His affliction grows so intense that it expands to include normal human sounds. During late-night intervals of quiet, he is “alone the way a person is alone in the shower.” Only one person understands him: his best friend, a half-mad visionary “who charges into any fray,” sees through the diabolical system and dresses in rags. At times he seems to be a product of the narrator’s spiraling ideation. Like his friend, the narrator believes himself to be a “martyr for having aspired to live my own life, and not someone else’s, not the life that is imposed.” In Di Benedetto’s hands he is both ridiculous and tragic.
“The Suicides” (1969) also takes place in an unnamed provincial city. A reporter who has just turned 33, the age his father was when he ended his life, is told by his editor to write a series of articles about three recent suicides. His only lead is a photograph of each of the victims after they died. “There’s terror in their eyes,” observes the reporter. “But their mouths are grimacing in somber pleasure.”
His assignment is to unlock the meaning of these contradictory states. But details are scarce; the police don’t release information about suicides. Can dying by your own hand be a relief for some? Is it hereditary? Might it be a rational response to a forced condition of stagnation? Questions multiply, as the novel turns into an investigation of the reasons for living.
Interspersed with the story are the results of statistical studies about suicide — by gender, race, nationality and age — dry asides that presage Bolaño’s factual accounts of brutality in his 2004 novel “2666.” These give a disturbing clinical ballast to the story. Among other things, Di Benedetto can be seen as a bridge from the magic of García Márquez to the realism of Bolaño and the generation of Latin American writers that succeeded him.

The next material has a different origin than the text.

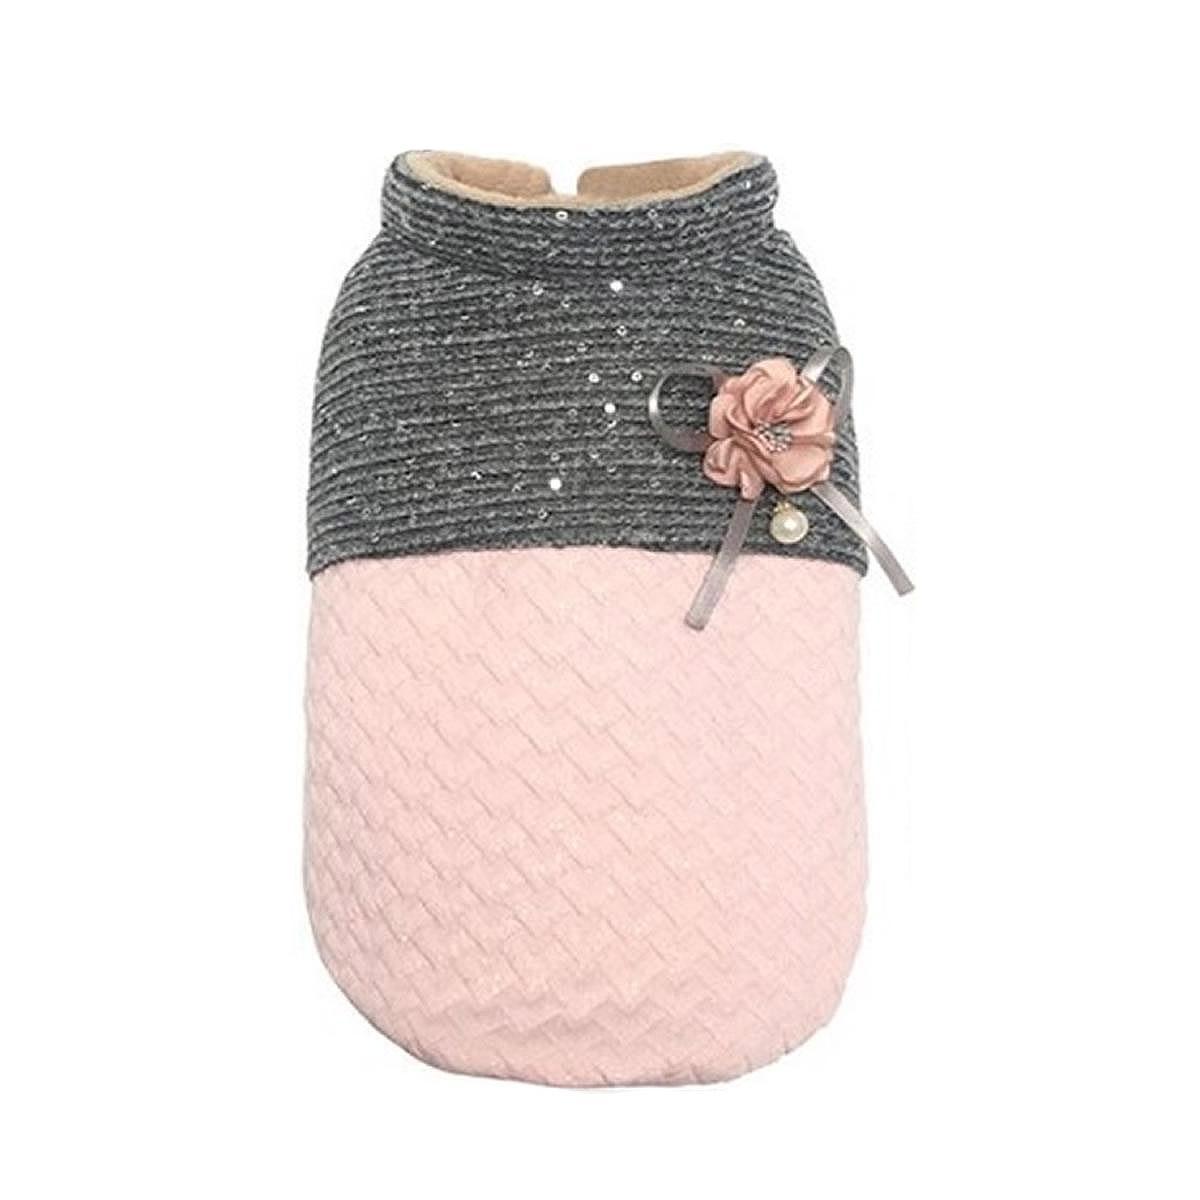 Parisian Pet Scalloped Dog Jacket - Pink and Gray

Di Benedetto’s work provides its own study of violence. In common with the trilogy’s other protagonists, the reporter in “The Suicides” is prone to outbursts that seem fueled by an incurable frustration. He entertains himself by engaging in drunken brawls and attending boxing matches where he can “clamor for violence and destruction.” He assures us that “this is normal,” that his “belligerence is collective, and my atrocities mingle in the air with everyone else’s.” He adds: “Oppression makes you weak.”
Di Benedetto was born in 1922 and lived most of his adult life in the north-central province of Mendoza, the reliable supplier of good olive oil and wine to Buenos Aires. He was a reporter at the provincial newspaper, Los Andes. In 1976, he was arrested by the military government, tortured and put in front of a firing squad four times. After 18 months he was released.
He had no history of political activism and to discern the subversions in his fiction would have required an insight the generals didn’t possess. But in those years of state terror, anyone who wasn’t an active supporter of the government was seen as an enemy.
When I was in Mendoza in the early 1970s, I don’t remember many people speaking of him. The joke then was that for an Argentine to be read in his country he had to write in a foreign language and be published in translation. Respect for homegrown artists was scant.
Di Benedetto’s decision to stay in Mendoza may have been bad for his career, but not for his fiction. It connected him to the deepest psychology of his countrymen, giving him the vantage point to write about the secret workings of their souls and the torment of their far-flung hopes.